Speaking as someone who is no position to be buying an M3 anytime soon...

I would not purchase one without a manual transmission. It gets back to why is one purchasing the car in the first place. Sticks are fun. BMWs are about having a fun driving experience. If driving with a stick decreases my performance a fraction of a second vs SMG then so what?

By all means, keep working on improving the SMG, but as long as there is a following that is willing to pay for one keep the option for a stick.


----------



## Pinecone (Apr 3, 2002)

Mpire said:


> The manual transmissions are ALL going away in the next decade or so. Simple reason is that its cheaper to put only one transmission in a car than two or three. They will be putting SMG in everything eventually just because it is both an automatic and a manual.
> 
> The SMG M3 is outselling the non SMG model by a large margin. Why? Because people who buy the car for image want an automatic. Thus, they will buy an SMG car where they wont buy a true manual.
> 
> ...


Are you serious?

SMG i NOT an auto. Anybody who wants an auto will be seriously disappointed with SMG. The reason SMG is outselling standard, if in fact it is, is because of enthusiests buying them. In fact I have yet to see an SMG M3 driver by anything other than an enthusiest, and that is NOT true of the manual.

Yes, poseurs (notice proper spelling) have bought them thinking they were auto, but most of those are very shortly returned since they are nothing like an auto.

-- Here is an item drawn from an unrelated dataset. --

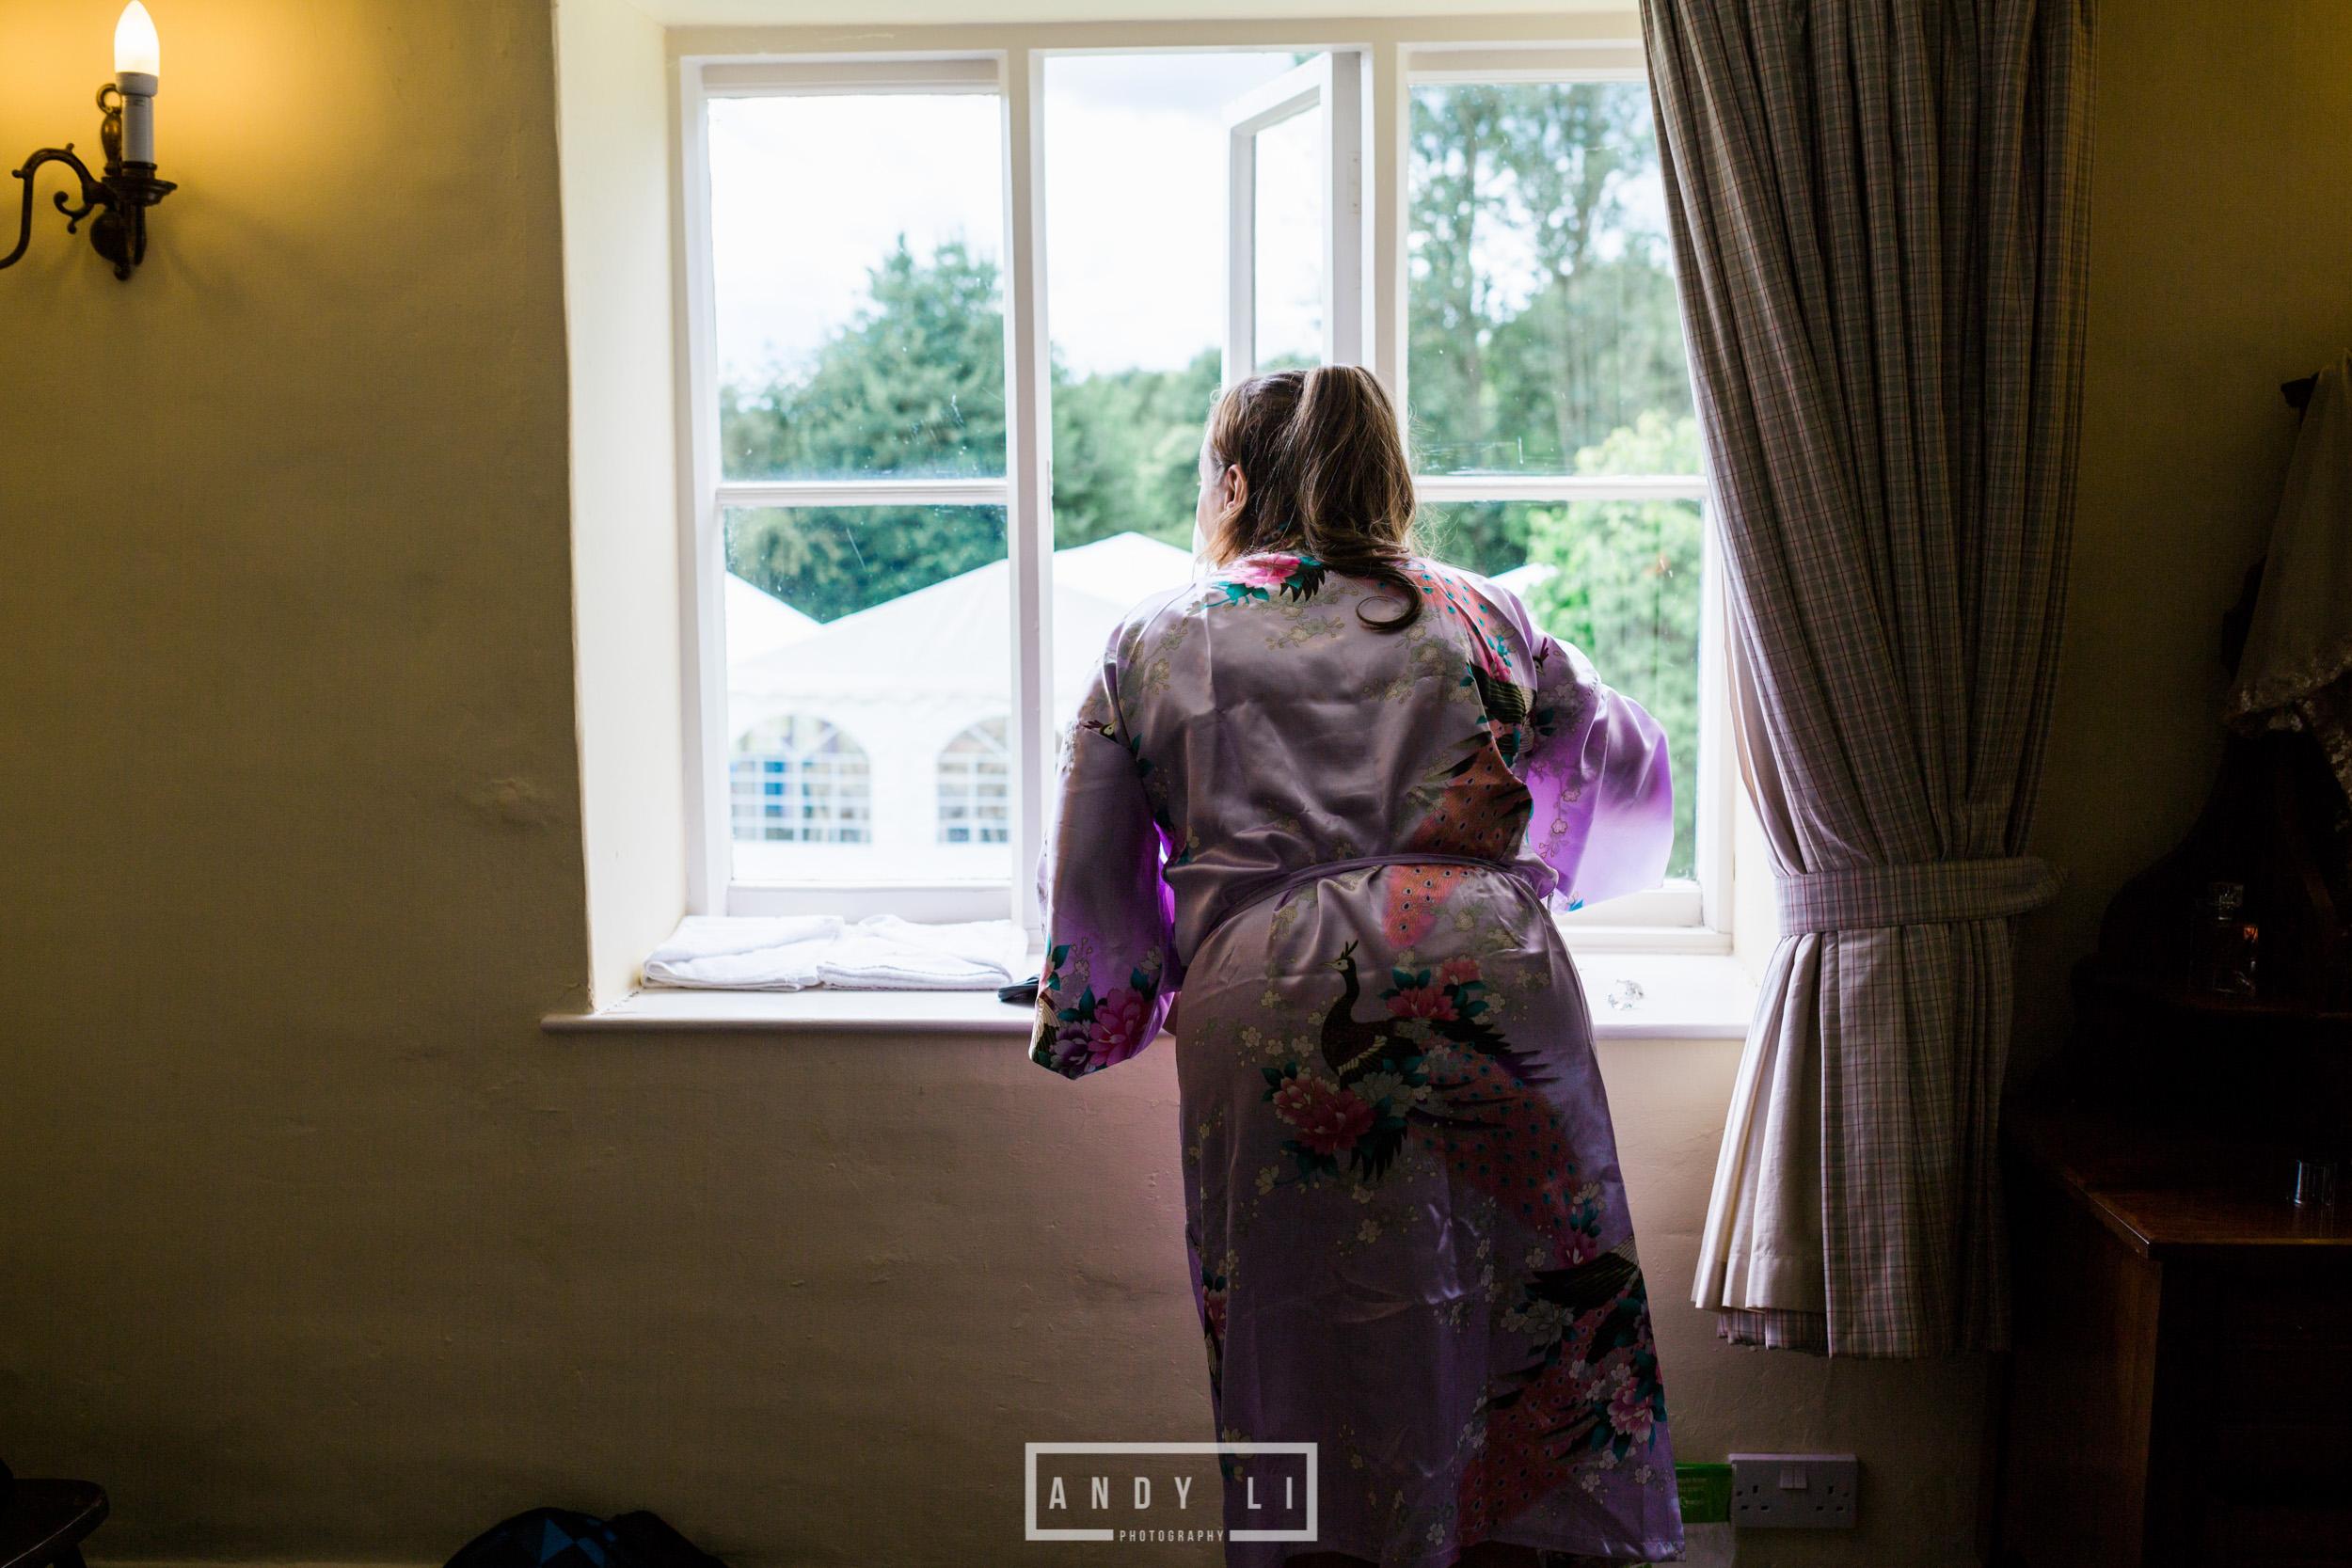 Festival Wedding Shropshire-Andy Li Photography-054.jpg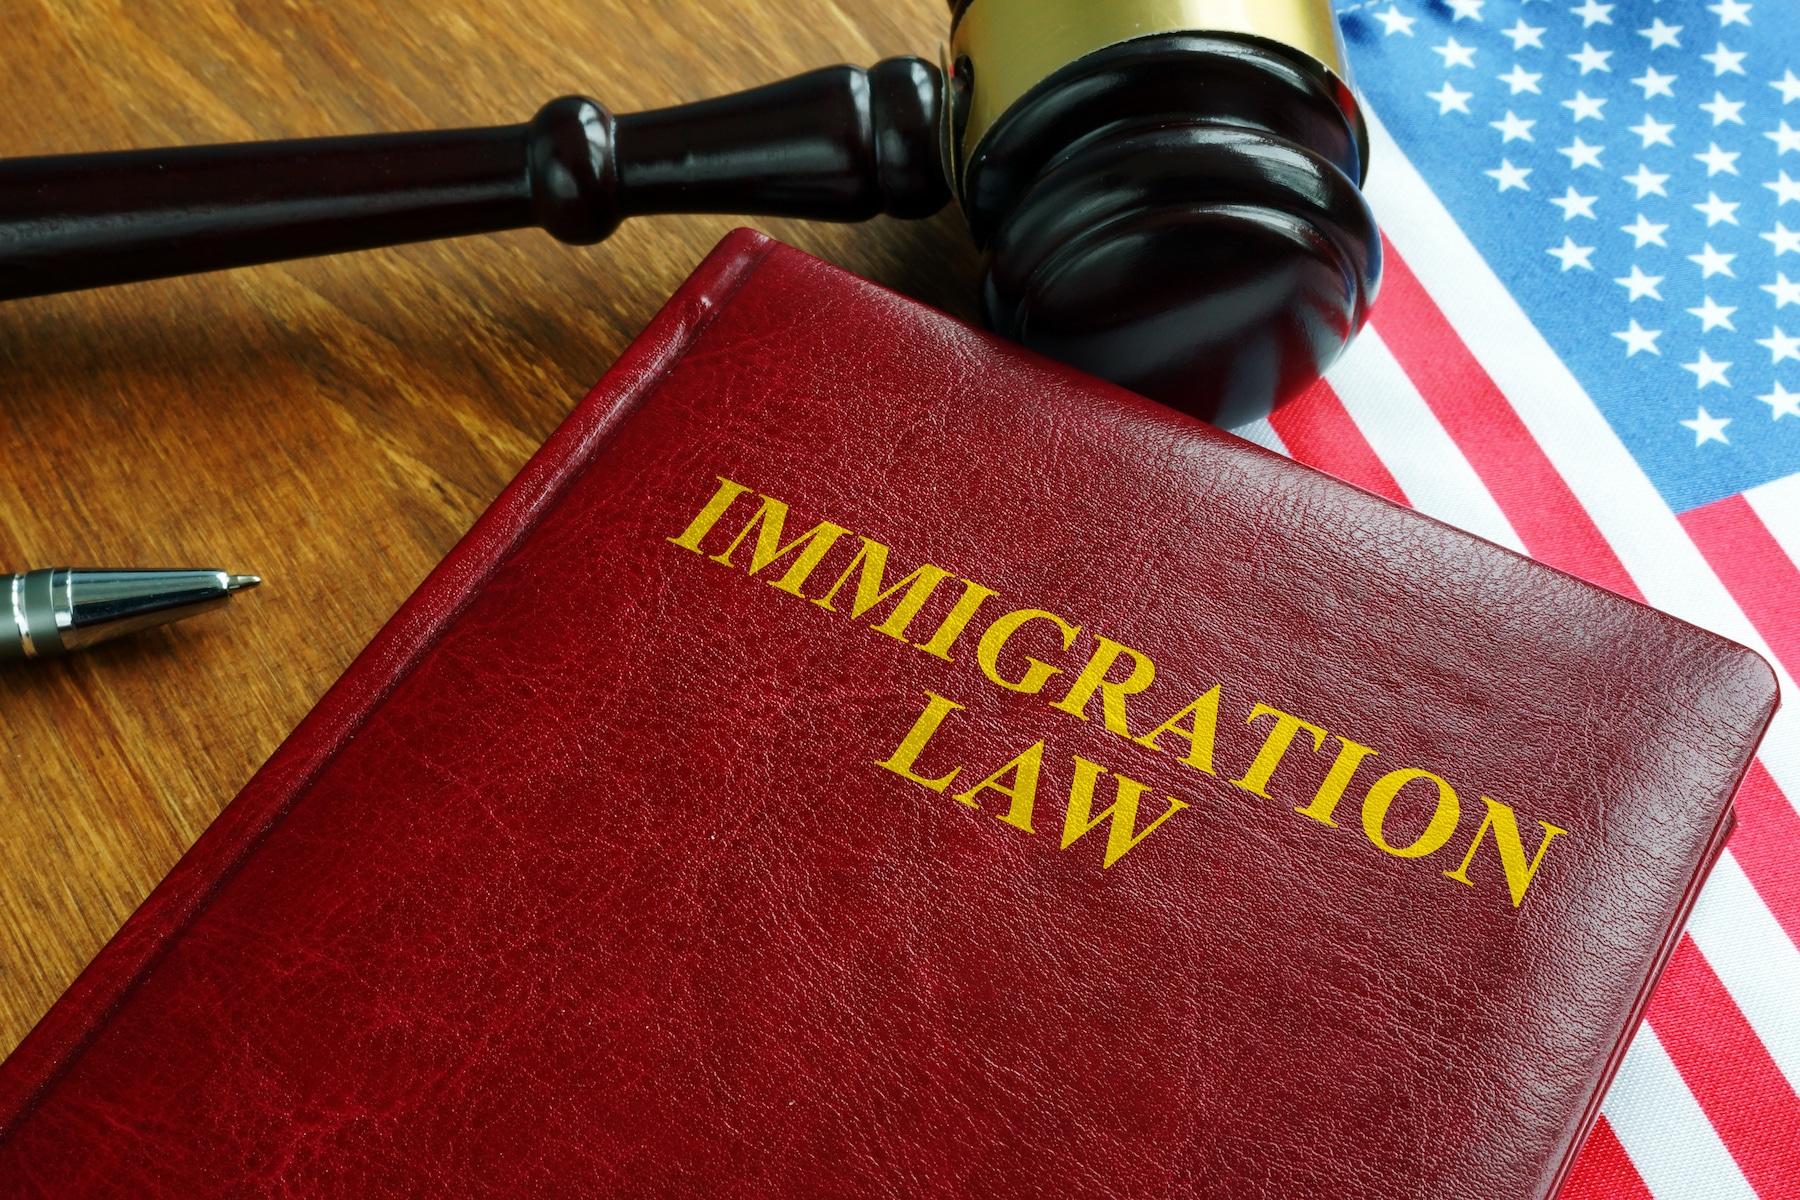 Immigration law act and USA flag.

Driving SMG in auto mode is more like driving a standard transmission, but with someone else shifting. NOT like driving a ture automatic transmission.


----------



## Mpire (Mar 28, 2003)

While you can spell better than I, you are wrong on the auto part. The salesman can sell SMG as a performance auto, or a performance manual. Its for sales.

You tell a 45 year old woman that there is no automatic version of the M3 and she will go look at a CLK. Its silly. Most people who buy BMWs for image will not consider a manual.

You can say its not an automatic all day long, but when it comes down to it, betty sue will still buy one if it has an automatic mode. The same goes for some guy who buys it just for the image.

Look at how many corvettes they sell that are automatics. I mean, good grief.


----------



## Mpire (Mar 28, 2003)

Am I saying the SMG is inferior to the standard manual, NO.


----------



## andy_thomas (Oct 7, 2002)

Steved said:


> Andy, yes the CSL was actually only £15,000 more than an M3 when comparing the spec like for like (as I did). I traded in my M3 which cost me £44k and paid £59k for my CSL, receiving £34k for my M3. And yes, it feels like I got good value. 14 months on and it still feels like tremendous value despite needing to spend another £6k on exhaust, brakes and an extra set of wheels/tyres.
> 
> The problem is that cars over a certain value don't equate to price comparisons any more. A Ferrari Enzo isn't worth 300% more than a Ferrari 360 and neither is a Mercedes McLaren SLR worth more than 200% of an SL65. Manufacturers charge what the market will pay and whilst I wish my car addiction was less expensive, I'm glad they make the cars in the first place.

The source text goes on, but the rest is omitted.